Curry became obsessed with reading Revelation in the Bible and started attending services at his stepfather's church. But in recent months he'd also explored a different path. Stephanie discovered that, months prior, her son had begun sneaking out of the tiny church to make inquiries at a mosque down the street.

"We believe Jesus is it. The father, the son, and the holy ghost," Stephanie said, shaking her head and laughing. Turning to Islam was a meaningful rebellion for a young man raised in charismatic, fire-and-brimstone churches.

All that mattered, Stephanie said, is that Curry was "trying to live right." He may have struggled, she said, but he wasn't a street thug or gang member. Indeed, the robbery he's accused of committing in his last moments clashes with his previous record of minor family disputes.

"Sam didn't deserve to die," Laprell said.

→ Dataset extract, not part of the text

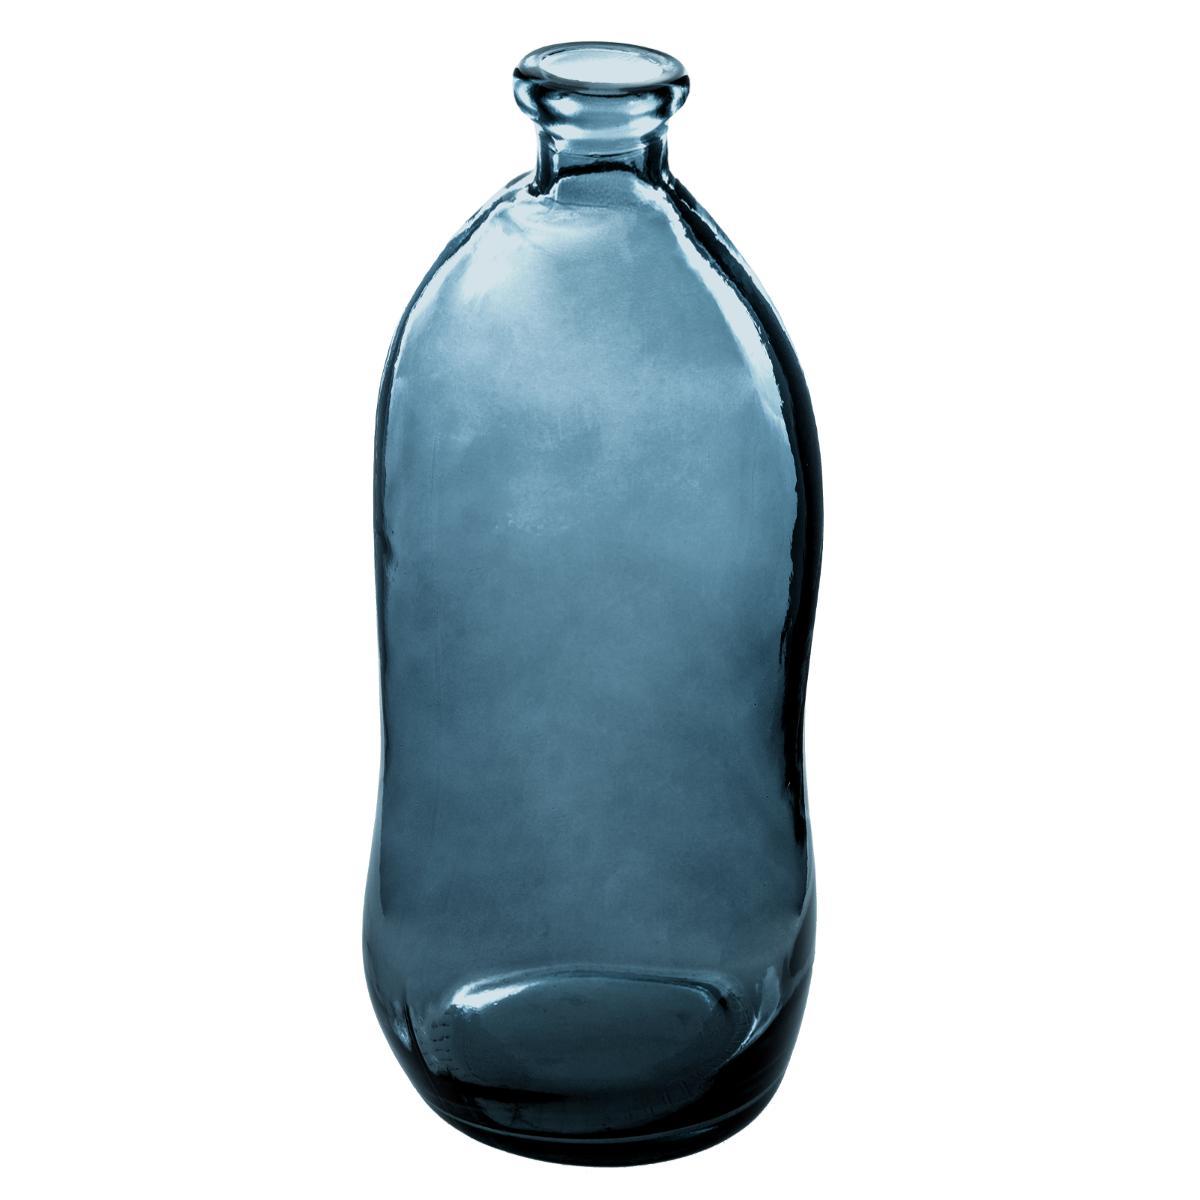 Vase bouteille verre recyclé H73 - Atmosphera

Stephanie told me it is hard to mourn when her son has been publicly condemned, deemed worthy of an early death. And then there are all the unanswered questions.

For one, she doesn't think police gave the press the right information. She saw her son's body. He had two bullet wounds in his side, making it hard for her to believe he was aiming his gun at anyone when he was shot.

Curry's half-sister believes he could have survived. A resident of a condo overlooking the scene of the shooting watched the incident from his window. He approached the family and told them police never gave Curry first aid—that they went through his pockets, then stood around filling out paper- work. Police said they did perform CPR, but would not provide specific details.

"It doesn't make sense," Stephanie said. "Someone should check all the phone records and see who made the 911 call. Where was the ambulance? What time? If they would've gotten him to the hospital in time... he was a big guy—he woulda made it. Instead they just left him here while all the police checked through his pockets, did all their paperwork—and the ambulance never came. They never gave him a chance for survival."